*SUPPLIED DATA*:
BEGIN

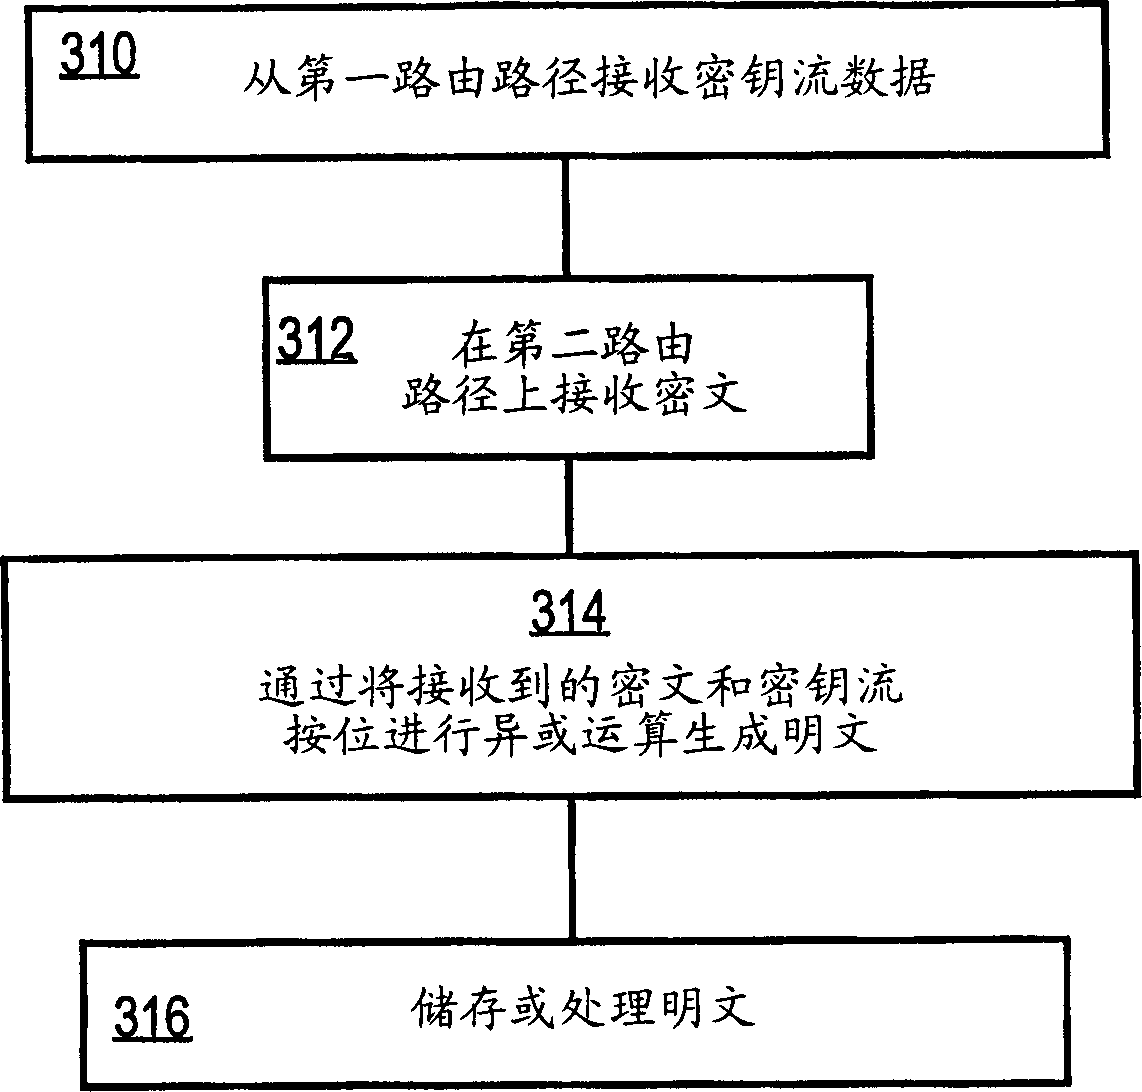 Method and system for securely storing and transmitting data by applying a one-time pad
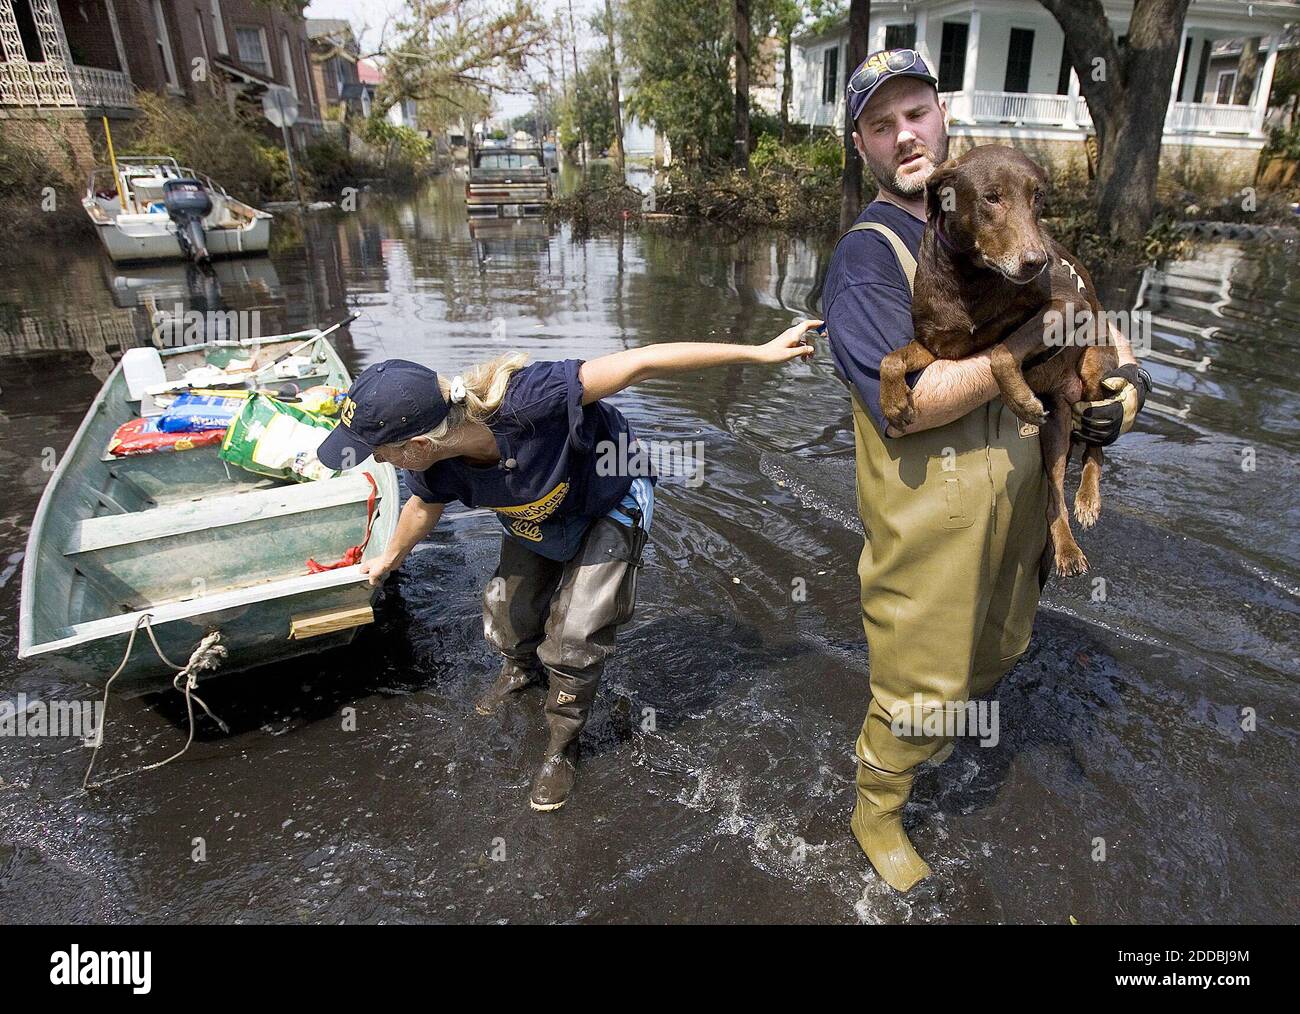 NO FILM, NO VIDEO, NO TV, NO DOCUMENTARY - Humane Society of the United States animal rescue crew member Jane Garrison pulls a rescue boat to shore as Bruce Earnest cradles a dog rescued from a flooded home in the Garden district of New Orleans Louisiana, on Saturday, Sept. 10, 2005. Rescue efforts are ongoing for animals and pets that have been left behind during the Hurricane Katrina evacuation. Photo by Greg Norman NG/Kansas City Star/KRT/ABACAPRESS.COM Stock Photo
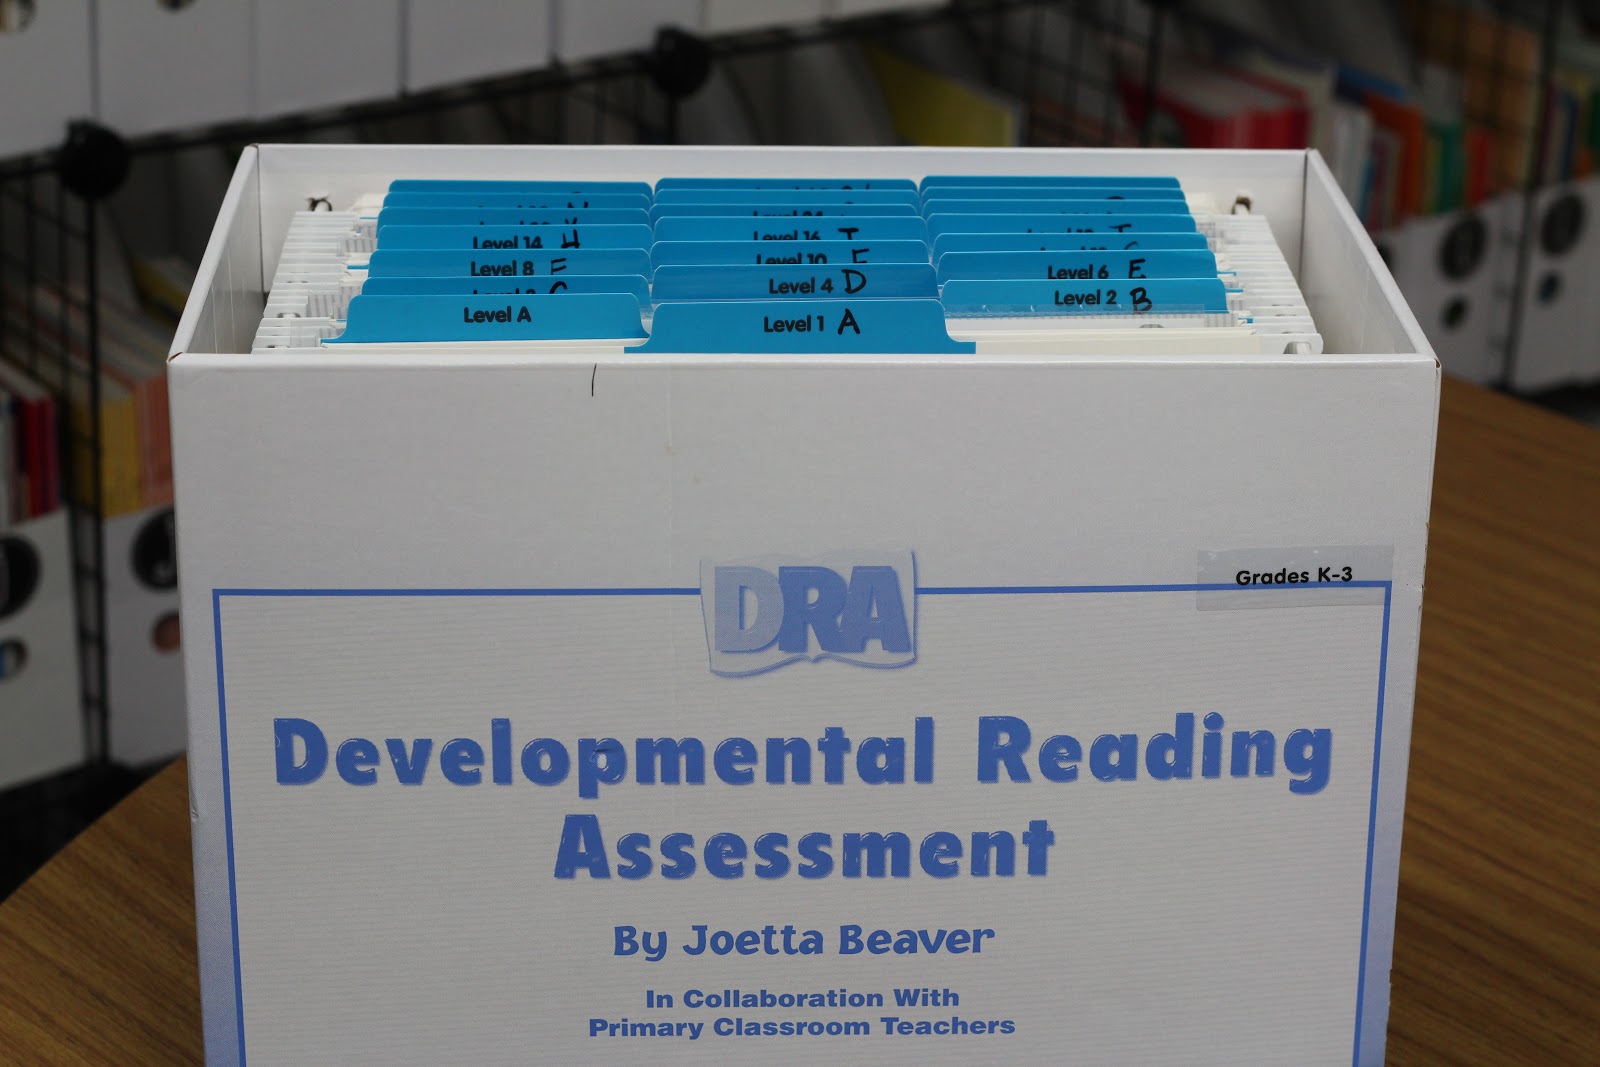 What are some developmental reading assessments?
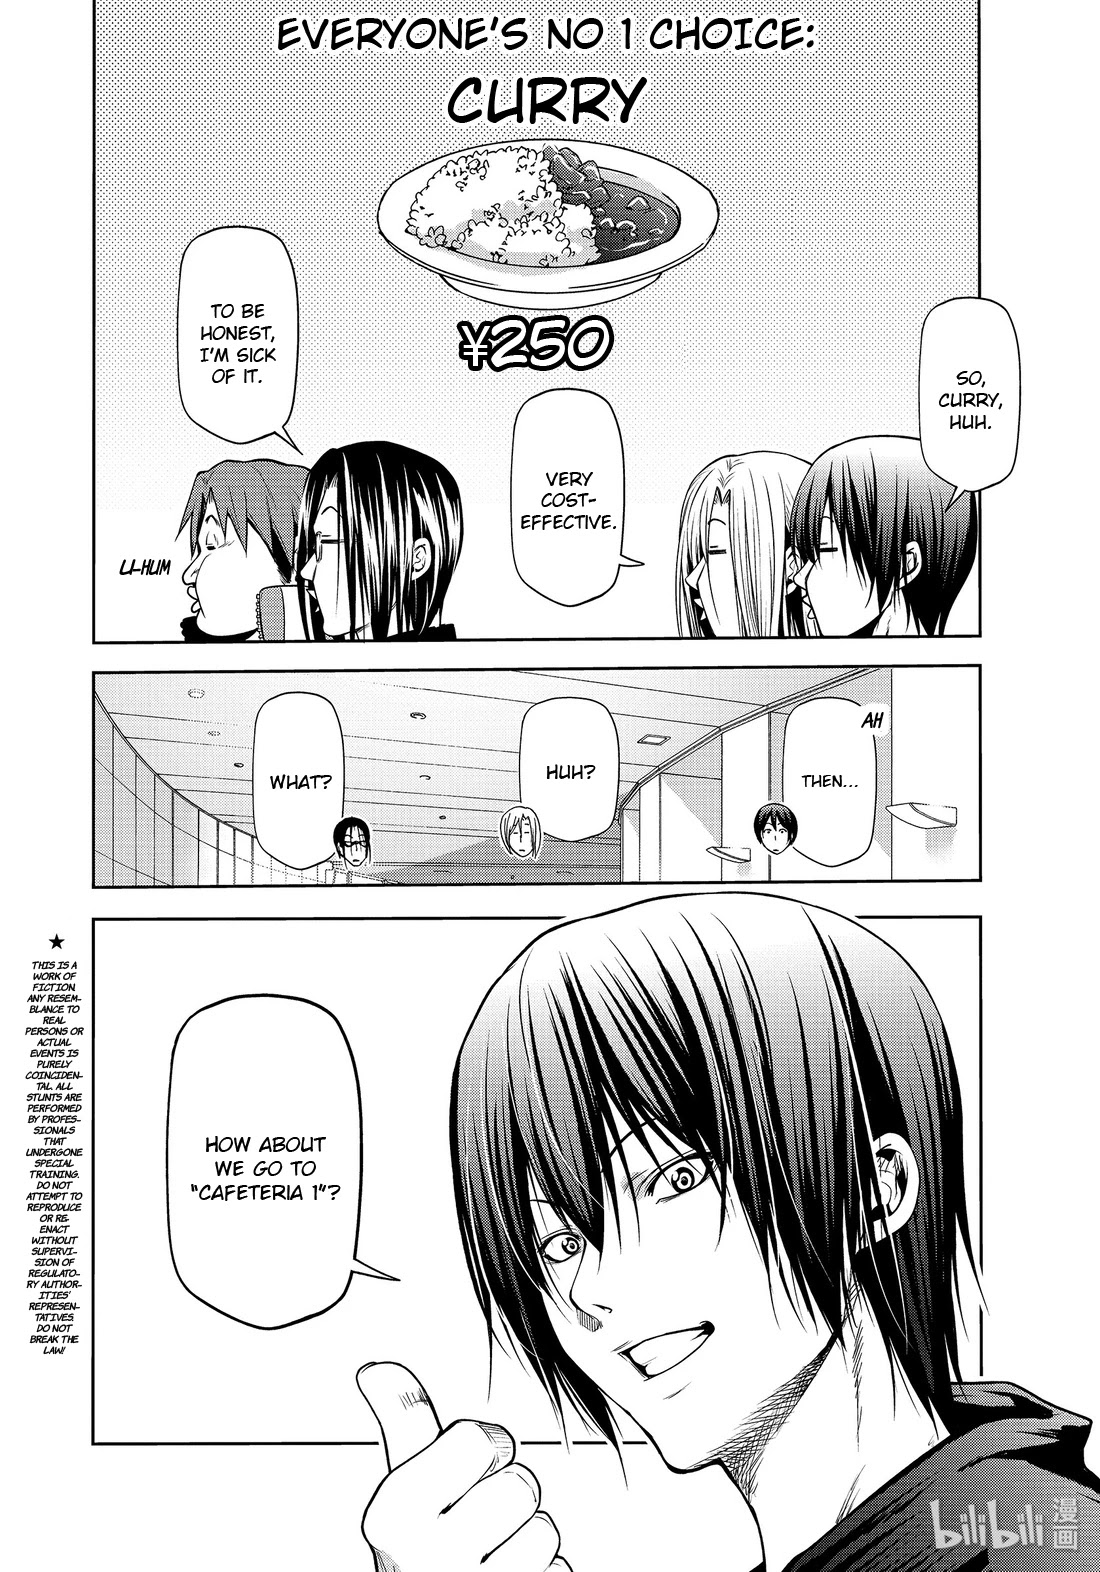 Grand Blue Dreaming, Chapter 62.5: Cafeteria 1 - English Scans

END

*WHAT THE TASK ASKS*: Output only these lines, word for word: the line containing "What are some" and every line after it through the last line of the data. Omit the pictures.

*RESPONSE AREA*:
 What are some developmental reading assessments?
 Grand Blue Dreaming, Chapter 62.5: Cafeteria 1 - English Scans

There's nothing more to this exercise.